Kahn v. Target Corporation

CourtDistrict Court, D. Minnesota
DecidedMarch 1, 2023
Docket0:23-cv-00500
StatusUnknown

This text of Kahn v. Target Corporation (Kahn v. Target Corporation) is published on Counsel Stack Legal Research, covering District Court, D. Minnesota primary law. Counsel Stack provides free access to over 12 million legal documents including statutes, case law, regulations, and constitutions.

Bluebook
Kahn v. Target Corporation, (mnd 2023).

Opinion

IN THE UNITED STATES DISTRICT COURT FOR THE NORTHERN DISTRICT OF ILLINOIS EASTERN DIVISION

YORAM KAHN, individually and ) on behalf of all others similarly situated, ) ) Plaintiff, ) ) No. 22 C 4178 v. ) ) Judge Ronald A. Guzmán TARGET CORPORATION, ) ) Defendant. )

MEMORANDUM OPINION AND ORDER

Before the Court is defendant’s motion to transfer this case to the United States District Court for the District of Minnesota under 28 U.S.C. § 1404(a) or in the alternative to dismiss the complaint under Federal Rule of Civil Procedure 12(b)(6). For the reasons explained below, defendant’s motion to transfer is granted, and the Court leaves Rule 12(b)(6) matters to the transferee court.

BACKGROUND

Plaintiff, Yoram Kahn, filed this putative class action against Target Corporation (“Target”) for consumer fraud. Plaintiff alleges that he purchased two kinds of Ritz crackers at a Target store in Niles, Illinois, for which the shelf price was advertised as 30 cents less than what he paid at checkout. Plaintiff further alleges that nationwide, Target frequently falsely advertises one price for certain merchandise on its shelf signs and displays only to charge a higher price at checkout and that it has been fined by at least two state agencies for charging higher prices than it had advertised.
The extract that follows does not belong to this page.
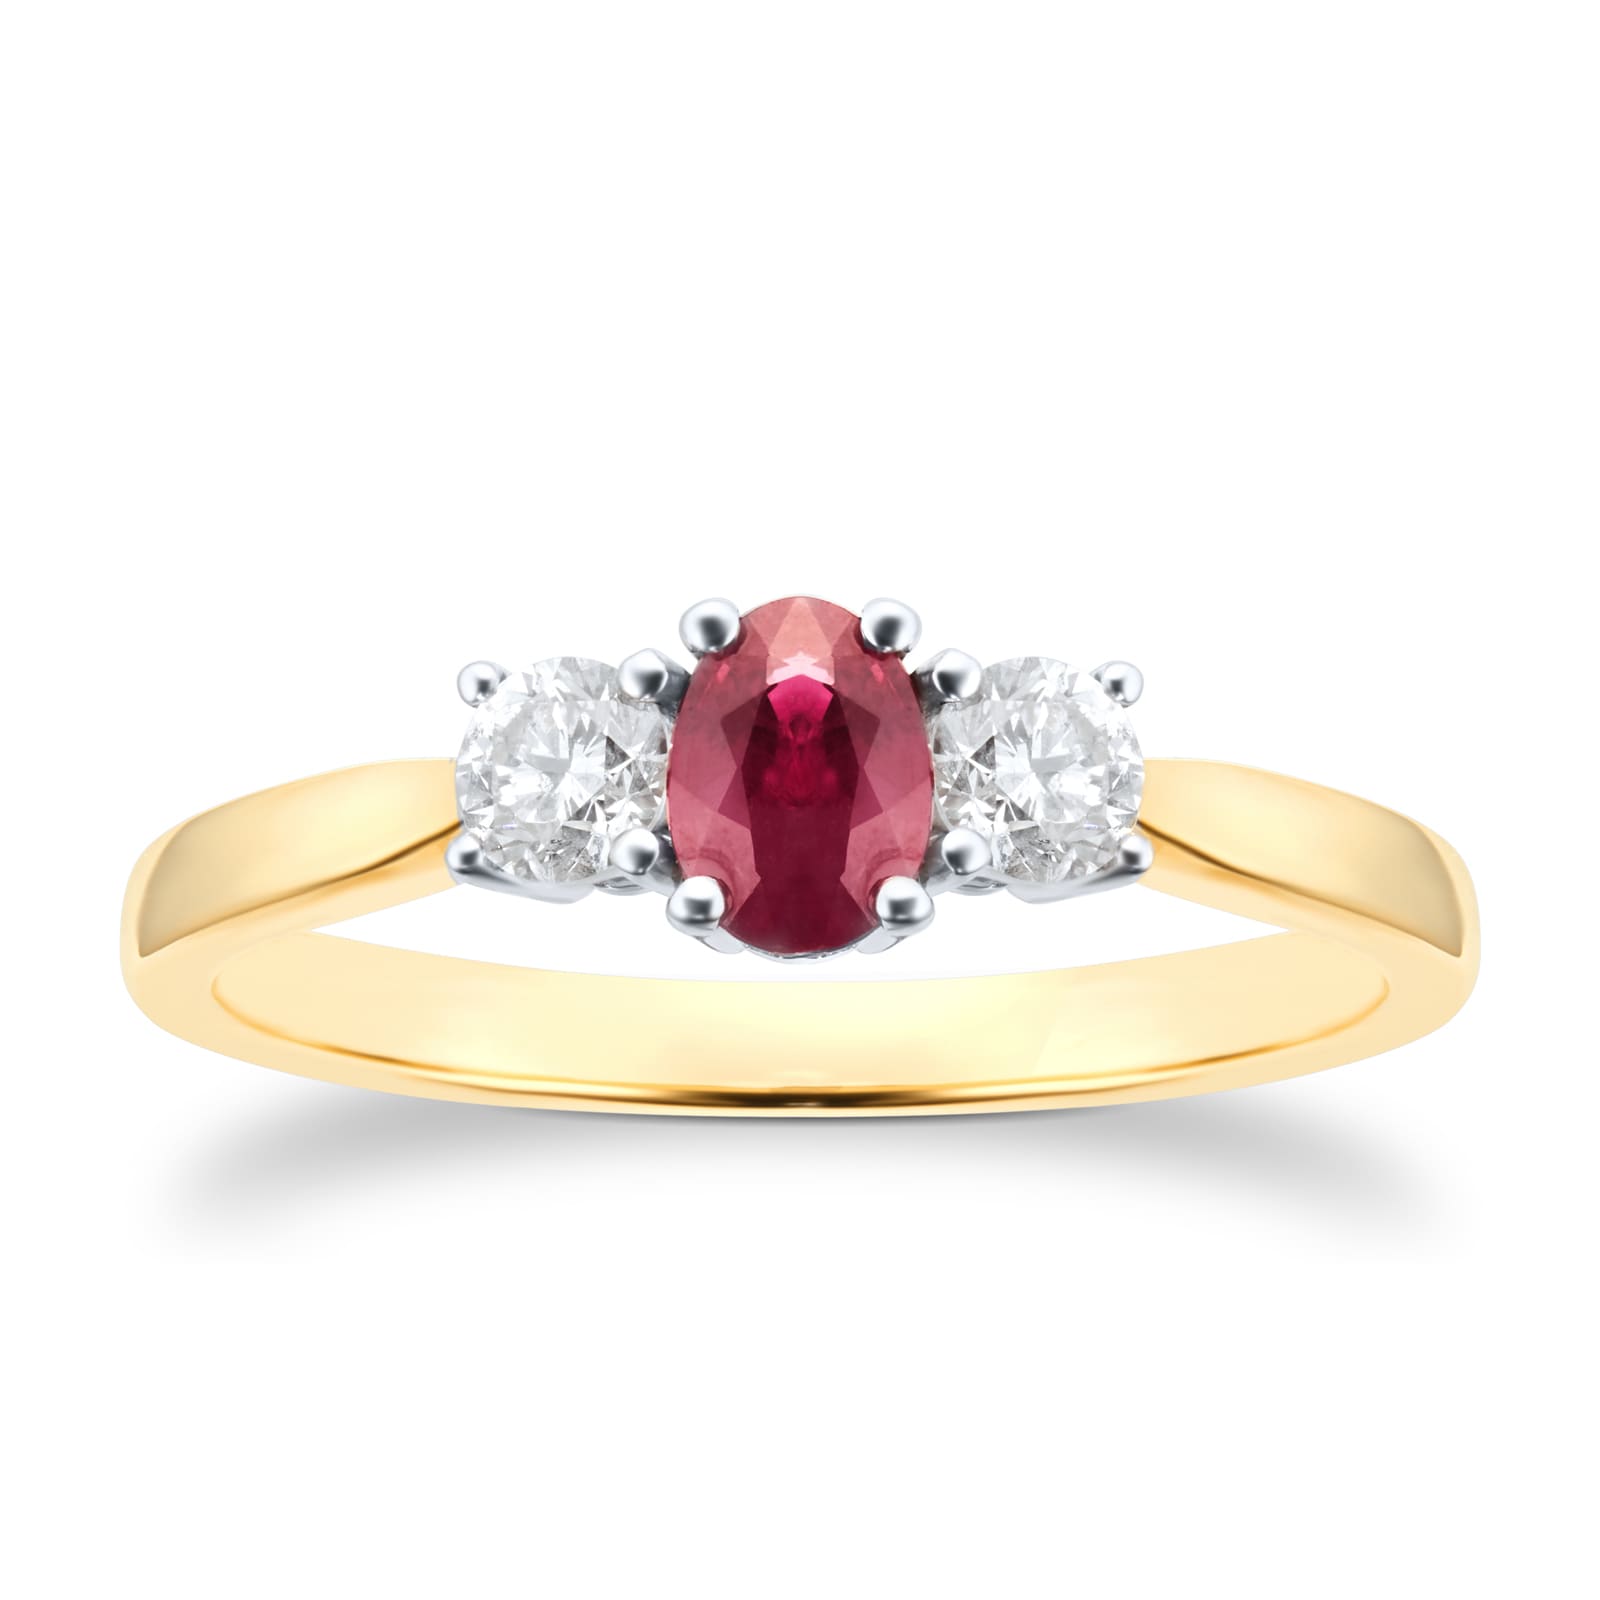 9ct Yellow and White Gold 3 Stone Ruby & Diamond Ring - Ring Size F.5

In his complaint, plaintiff asserts claims for violation of the following: the Illinois Consumer Fraud and Deceptive Business Practices Act, 815 ILCS 505/1 (Count I) and the Illinois Uniform Deceptive Trade Practices Act, 815 ILCS 510/2 (Count II), on behalf of a class of persons who purchased merchandise from a Target store in Illinois and paid higher prices than what was advertised on the shelf; the consumer-protection laws of Illinois and approximately thirty other states with “similar laws” (Count III), on behalf of a class of persons who purchased merchandise from a Target store in those states and paid higher prices than what was advertised on the shelf; and the Uniform Deceptive Trade Practices Act (Count IV), on behalf of a class of persons who purchased merchandise from a Target store in Illinois or any of nearly fifteen other states with “similar” UDTPA laws and paid higher prices than what was advertised on the shelf. In Count V, plaintiff pleads in the alternative that Target was unjustly enriched and asserts the claim on behalf of a nationwide class of persons who purchased merchandise from a Target store in the United States and paid higher prices than what was advertised on the shelf. (ECF No. 1, Compl.)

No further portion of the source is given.